Settlement Agreements – Common Employer Mistakes

employer and employee shaking hands

Settlement Agreements – Common Employer Mistakes

As an employment lawyer I have acted on both sides of settlement agreements for over 16 years.

They are definitely used a lot more nowadays and why not? They put to bed any stress or anxiety normally for both parties and allow each to move on quickly and painlessly.

Recently however I have come across a number of businesses who in my opinion are making life hard for themselves when using these types of agreement and making errors when producing their own documentation which often is a copy of a previously used document or a mish mash of a number of previously used documents and they are failing to hit the mark.

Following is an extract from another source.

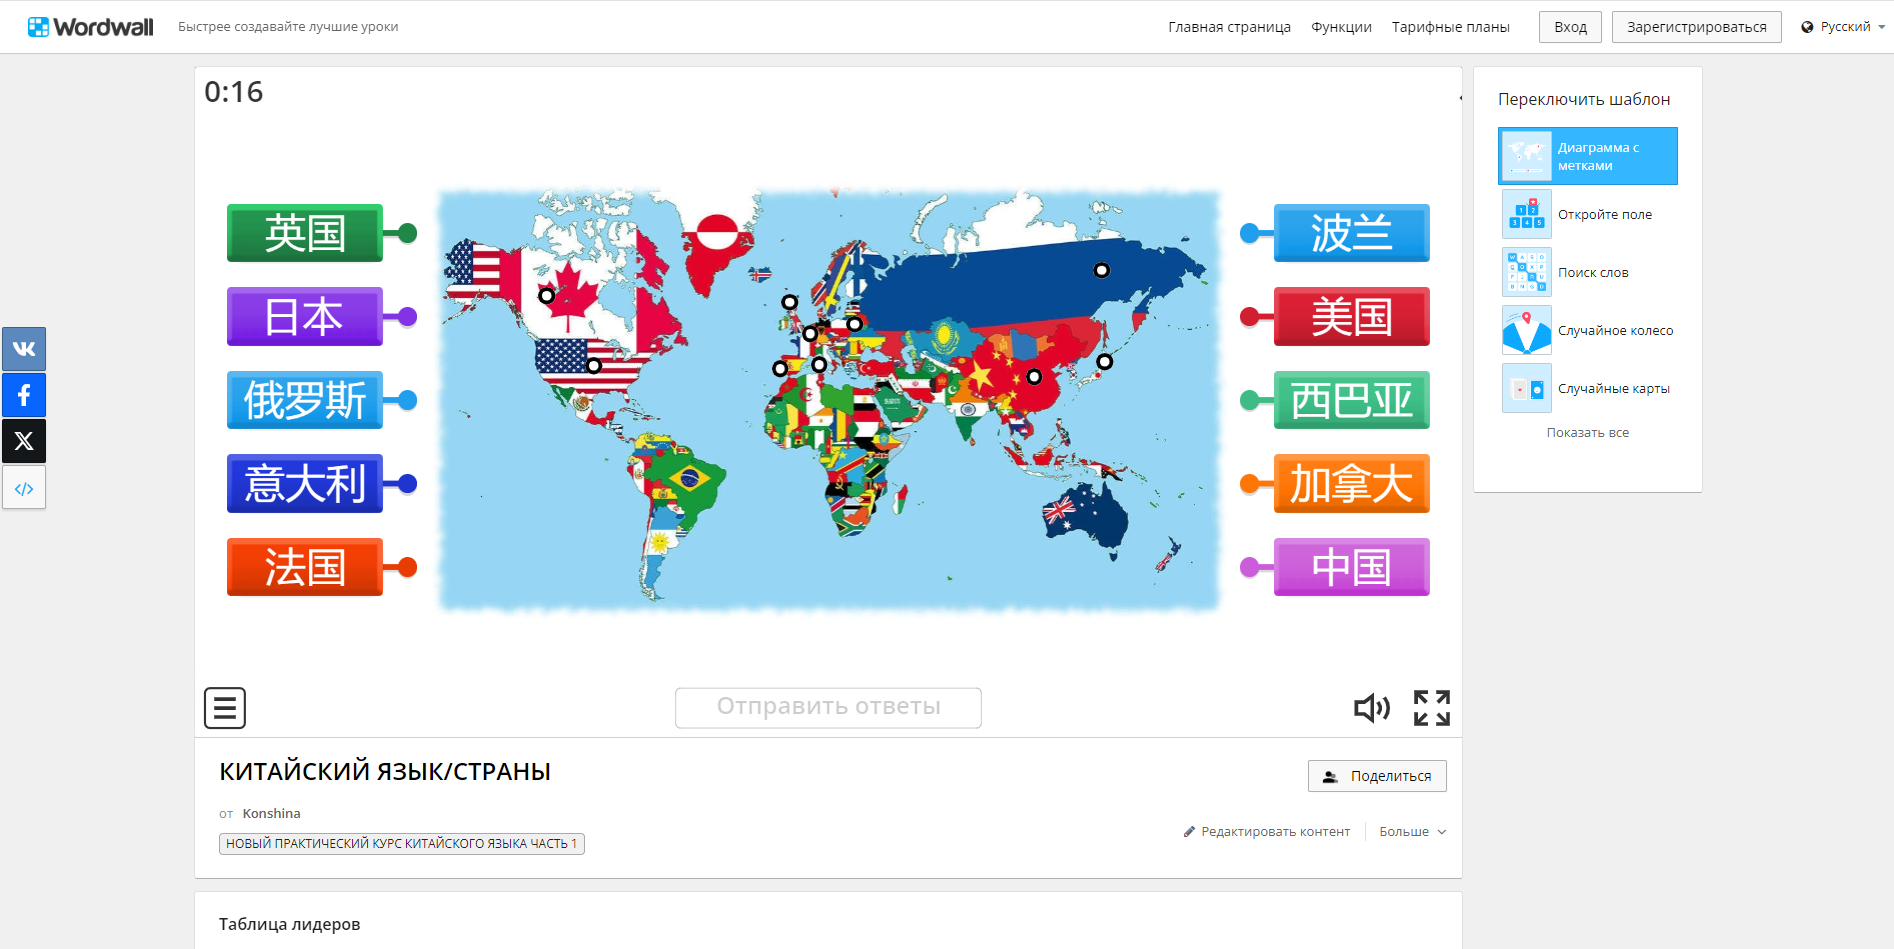 Упражнение на сопоставление названий стран на китайском языке с их географическим положением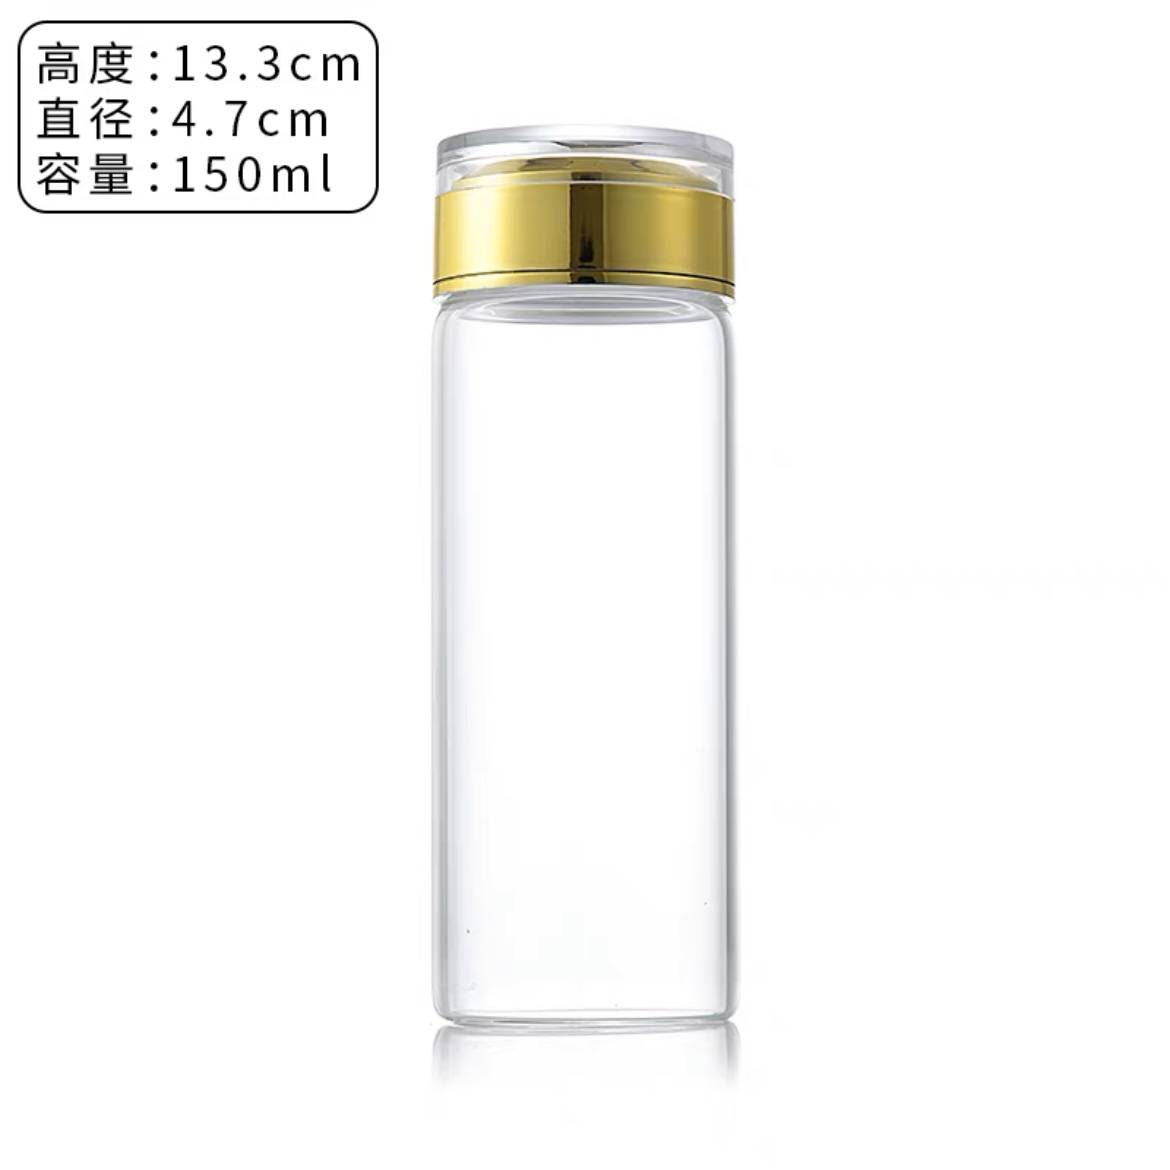 高品质高透手串核桃沉香瓶玻璃瓶玻璃罐密封罐防尘瓶盒养珠罐-图1

If the agreement is not correctly drafted, is it really then protecting the employer as is its intention?

Here is a list of the 5 most common mistakes/ errors I have come across in 2017:-

  1. Not properly representing the terms to the employee when handing the agreement over. For example “here is a package which includes your notice and an ex gratia payment of £20k”. When the employee gets to their representative it appears the agreement is £20k including notice. This gets the parties off on the wrong foot and although easier when handing over the agreement, it causes more longer term pain in terms of negotiations and often increased legal fees for both parties.
  2. Mislabelling notice or payment in lieu as an ex gratia payment. I can't advise on tax but as an employer you should seek proper advice as to the taxable status of any payments under the agreement. A tax indemnity is only worth the value of the person giving it remember.
  3. Agreeing to give a glowing reference but then back tracking on this and giving a basic reference. This causes a lot of upset to employees and makes some totally intransigent. You can only tell the truth in a reference so please don’t make promises you cant keep. 
  4. Not making confidentiality provisions and non- derogatory comment restrictions reciprocal at the outset. Why wouldn’t you do this? Any representative worth their salt for the employee will insist so again save time and cost.
  5. Not considering the situation holistically. For example, the interest of the employee is to move on, mitigate loss and get another role. Have you considered the value of outplacement services? Also do you insist of a provider of your choice or allow the employee to chose someone they are comfortable with? This can have great value to an employee and doesn’t always cost the earth.

So before you draft your next agreement consider all of the above points and if you are not a specialist, take some advice from one. This could save you legal fees and also a higher contribution to the employees and it might also result in a more amicable parting of the ways.